From smiling ladies parading in Easter bonnets to the clip-clop of horse-drawn carriages, all the right nostalgic pieces for an old-fashioned Easter were available last weekend in downtown Wheaton–they just got nudged a little into the 1990s.
Handmade bonnets adorned dozens of female heads of all ages who paraded the streets for an Easter hat contest. A few followed tradition with decorations of lace and flowers and bows, but most bonnets were covered with mini-stuffed Easter animals and plastic colored eggs.
Eight-year-old Vanessa Travis echoed many of the younger contestants: “I picked it out and told her where to put it,” and her mom, Karen Sarallo, wielded the glue gun.
One young girl’s white straw hat truly gave a nod to the 1990s with a brim of small chick-shaped lights powered by a battery dangling off the back.

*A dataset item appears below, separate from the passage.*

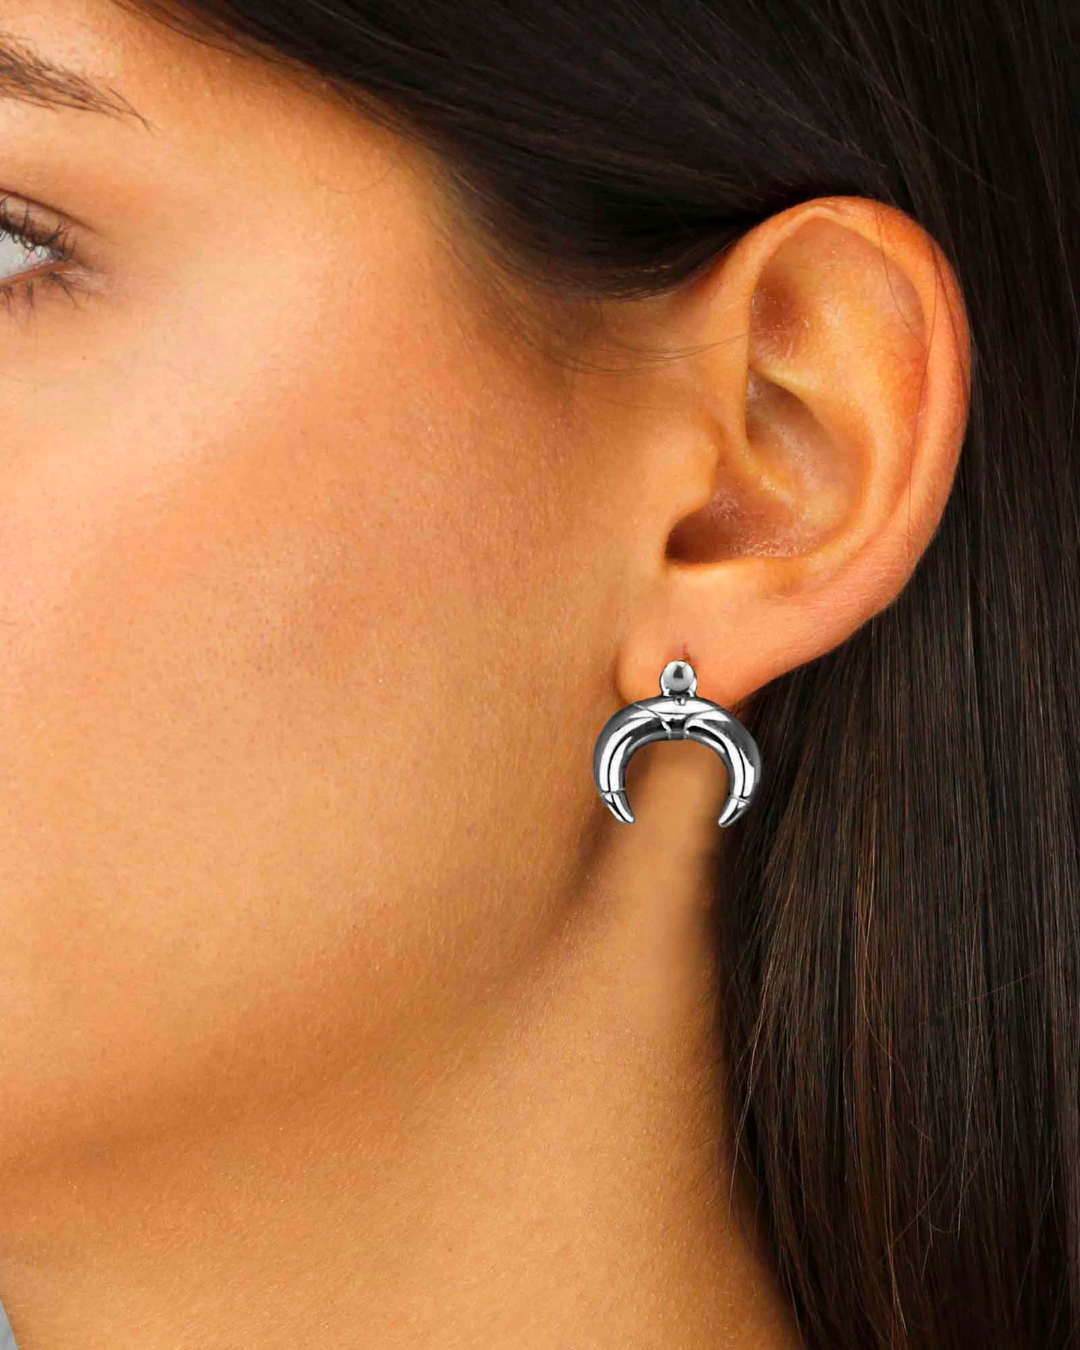 Pin Earrings, Silver

Images of laughing children in pastel dresses and suits frolicking across a lawn gave way to dozens of children in gym shoes and hooded parkas swatting with paint stirring sticks at plastic colored eggs as they tried to roll them 30 yards to the finish line.
But the giggles for the most part were still there, especially on the faces of winners like Charlette Jauch, 7: “It makes you feel good to win. It doesn’t matter, it’s still a fun game, but when you win it makes you feel special.”
White carriages guided by men in black top hats and drawn by horses with red-trimmed harnesses clip-clopped over the cobblestones of Front Street.
And also like an old-fashioned street scene, sidewalks were filled with smiling, strolling window shoppers. Easter baskets swung from the hands of most of the children and from their mothers and fathers as they tried to collect the right plastic eggs from merchants that would have an entry blank inside for the stuffed animal raffle. And the Easter bunny roamed the streets dispensing hugs and store coupons.
A petting zoo gave children a chance to touch and feed real lambs and sheep and other small animals. Watching animals is how many of the children had started their day with a free viewing of the Oscar-winning movie “Babe” at the Wheaton Theatre.
But whether old fashioned or modern, the good time was the same.
“It’s great fun,” said Barb Coye, manager of Carlson’s Hardware, who, like other members of the Downtown Business Association, pitched in to help run things. “Kids have a good time, parents have a good time. It’s just real simple fun.”